# Using a sequential Monte Carlo model to localize sensors based on radio pings: process ping data

## Load the libraries we need

Load the third-party libraries.

In [1]:
import numpy as np
import pandas as pd
import os

Load our `smclocalize` module.

In [2]:
from smclocalize import *

## Load the ping data

The ping data is in a set of JSON files (one for each time window) in the format produced by [tools/get_radio_obs.py](https://github.com/WildflowerSchools/sensei/blob/master/tools/get_radio_obs.py) from the [sensei repository](https://github.com/WildflowerSchools/sensei).

In [3]:
data_path = './data/'

In [4]:
data_run_directory = 'wildflower_171128/'

In [5]:
json_directory = 'json/'

In [6]:
json_input_files = [x for x in os.listdir(data_path + data_run_directory + json_directory) if x.endswith('.json')]

In [7]:
dataframes = []

In [8]:
for json_input_file in json_input_files:
    with open(os.path.join(data_path, data_run_directory, json_directory, json_input_file), 'r') as input_fullpath:
        dataframes.append(pd.read_json(input_fullpath))

In [9]:
all_data = pd.concat(dataframes, ignore_index = True)

In [10]:
all_data

Unnamed: 0,local_id,local_type,observed_at,remote_id,remote_type,rssi
0,8,area,2017-11-28 14:00:00,11061,child,-88
1,8,area,2017-11-28 14:00:00,11060,child,-91
2,12,area,2017-11-28 14:00:00,11060,child,-83
3,13,area,2017-11-28 14:00:00,11067,child,-86
4,9,area,2017-11-28 14:00:00,11067,child,-82
5,9,area,2017-11-28 14:00:00,11060,child,-85
6,9,area,2017-11-28 14:00:00,11061,child,-83
7,11060,child,2017-11-28 14:00:00,11061,child,-71
8,11060,child,2017-11-28 14:00:00,11067,child,-69
9,11062,child,2017-11-28 14:00:00,11067,child,-81


Remove the data from the area sensor in the bathroom because it will produce strange results (given the vertical offset)

In [11]:
usable_data = all_data[(all_data['remote_id'] != 8) &
                       (all_data['local_id'] != 8)].reset_index(drop=True)

## Extract entity IDs

Extract the list of entity IDs in our data set corresponding to each type of sensors. These lists are the basis for our variable structure.

In [12]:
child_entity_ids = np.union1d(pd.unique(usable_data[usable_data.local_type == 'child'].local_id),
                              pd.unique(usable_data[usable_data.remote_type == 'child'].remote_id)).tolist()
material_entity_ids = np.union1d(pd.unique(usable_data[usable_data.local_type == 'material'].local_id),
                                 pd.unique(usable_data[usable_data.remote_type == 'material'].remote_id)).tolist()
teacher_entity_ids = np.union1d(pd.unique(usable_data[usable_data.local_type == 'teacher'].local_id),
                                pd.unique(usable_data[usable_data.remote_type == 'teacher'].remote_id)).tolist()
area_entity_ids = np.union1d(pd.unique(usable_data[usable_data.local_type == 'area'].local_id),
                             pd.unique(usable_data[usable_data.remote_type == 'area'].remote_id)).tolist()

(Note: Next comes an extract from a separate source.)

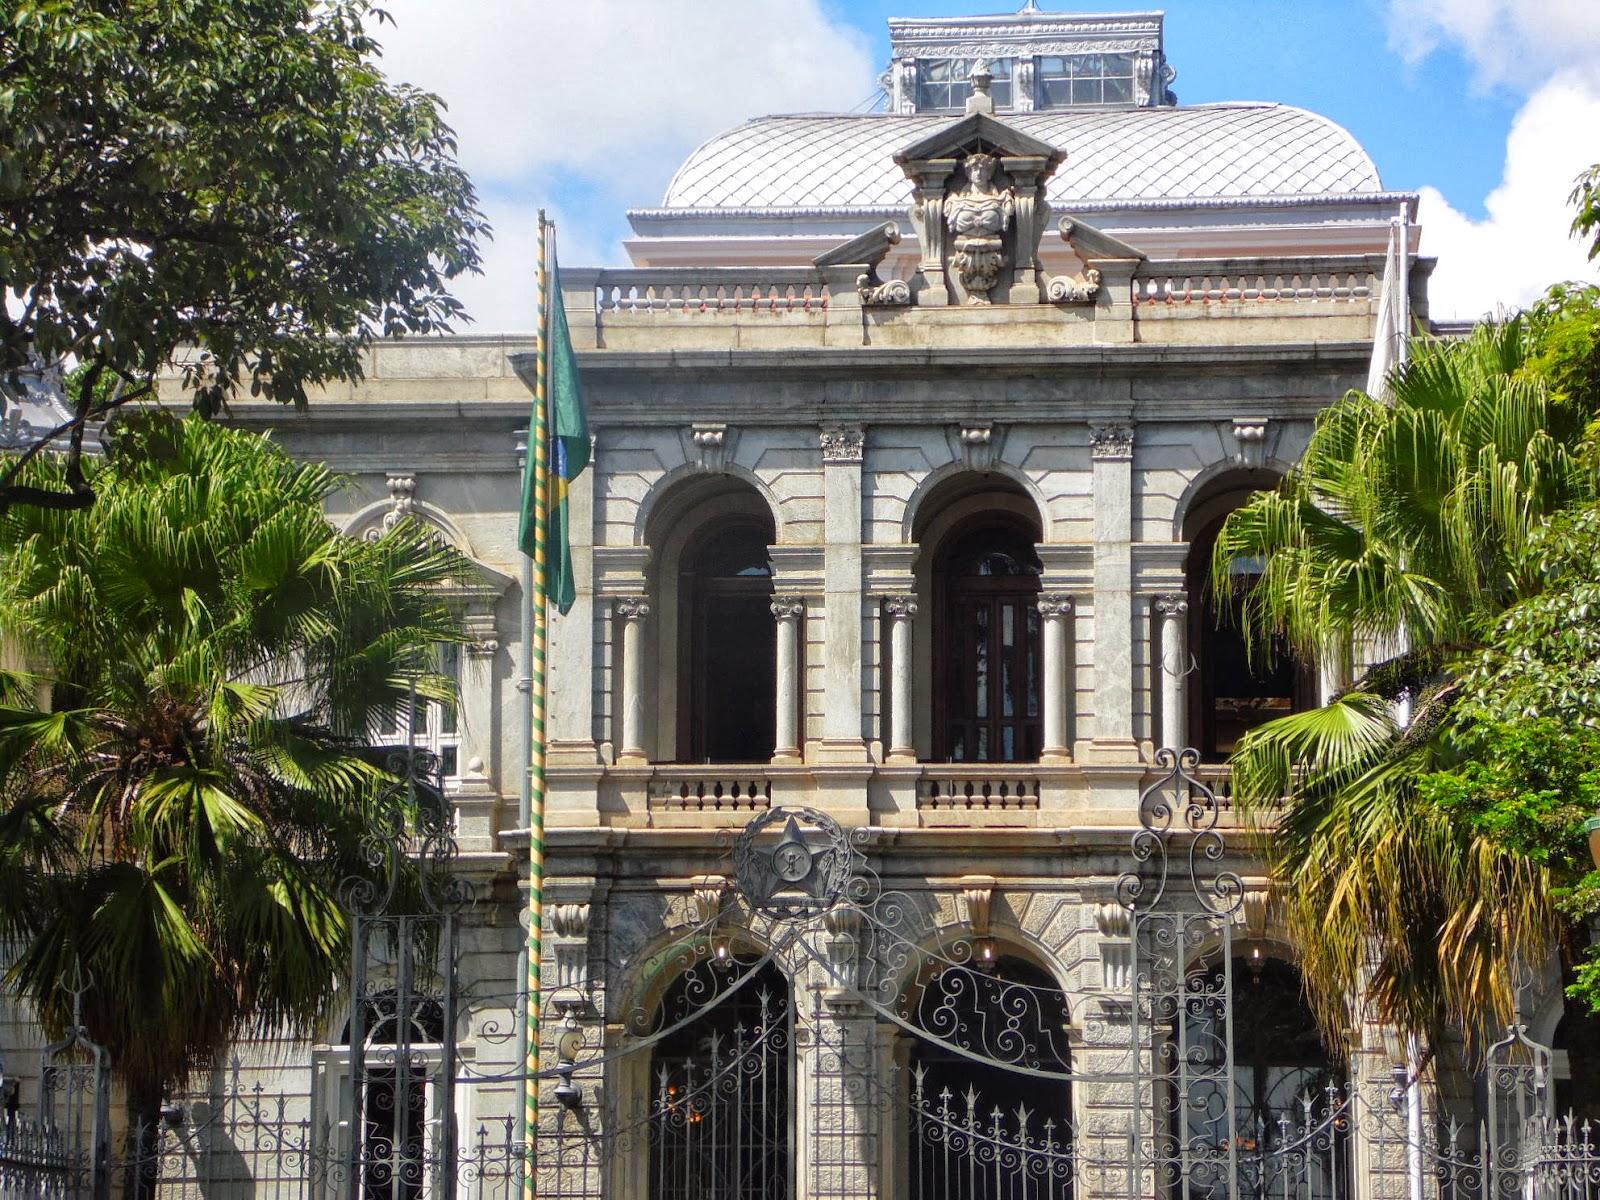 Arquitetura neoclássica: Palácio de Liberdade

## Define the variable structure for the model

Using the lists of entity IDs, define an instance of the `SensorVariableStructure` class. This class provides a whole bunch of variables and helper functions for working with the data.

In [13]:
variable_structure = SensorVariableStructure(child_entity_ids,
                                             material_entity_ids,
                                             teacher_entity_ids,
                                             area_entity_ids)

## Restructure the ping data for use in the model

Using the helper functions from the `SensorVariableStructure` class, parse the data into arrays which represent the discrete and continuous components of the $\mathbf{Y}$ variables which we will use in the model.

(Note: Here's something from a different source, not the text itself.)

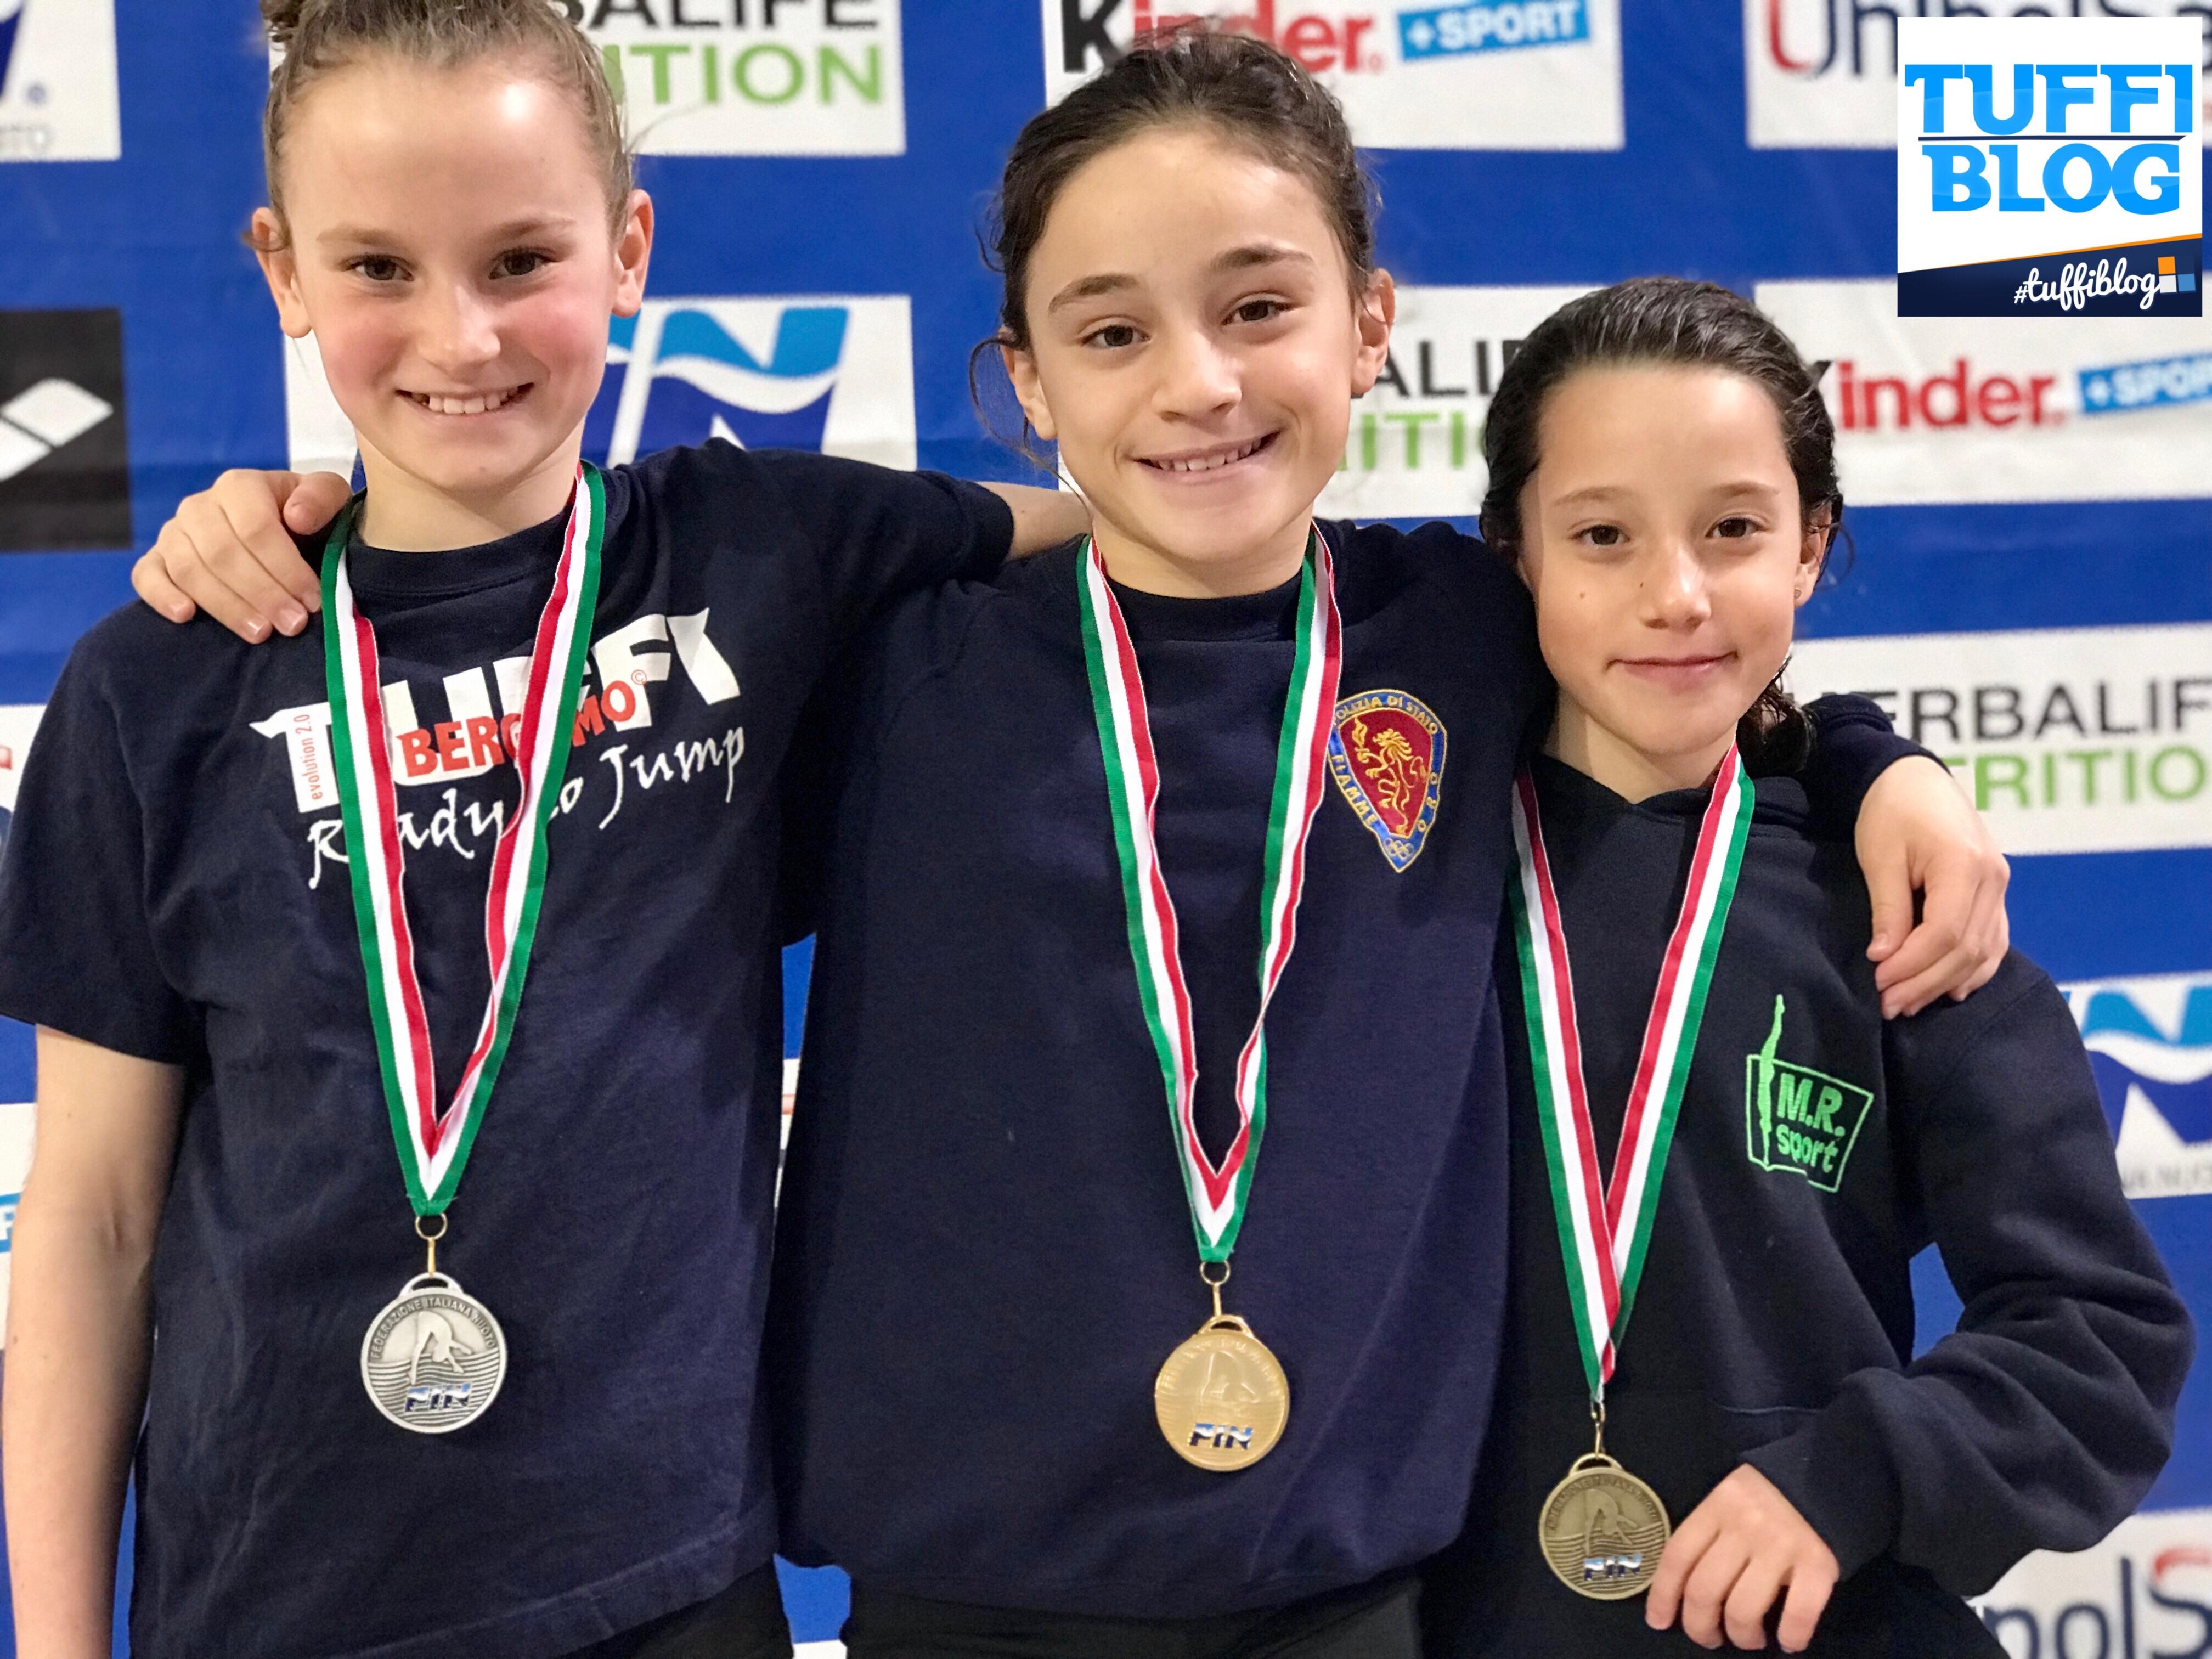 Prima Prova Trofeo Giovanissimi: Trieste - Doppietta per Conte e De Sanctis!

In the below, we parse the data separately for each time step in order to mimic the real-time use case. There is also a helper function called `sensor_data_parse_multiple_timesteps()` for parsing an entire data set containing many timesteps (not shown here).

For `y_discrete_t`, use 0 to indicate that a ping was received and 1 to indicate that a ping was not received (don't ask). For `y_continuous_t`, we convert the integer RSSI values to floats (since we're treating RSSI as a continuous variable) and we just enter a 0.0 value for RSSI if no ping was received.

In [14]:
timestamps = np.sort(usable_data['observed_at'].unique())
num_timesteps = len(timestamps)
y_discrete_t = np.ones(
    (num_timesteps, variable_structure.num_y_discrete_vars),
    dtype='int')
y_continuous_t = np.zeros(
    (num_timesteps, variable_structure.num_y_continuous_vars),
    dtype='float')
for t_index in range(num_timesteps):
    (y_discrete_t[t_index], y_continuous_t[t_index]) = variable_structure.sensor_data_parse_one_timestep(
        usable_data[usable_data['observed_at'] == timestamps[t_index]])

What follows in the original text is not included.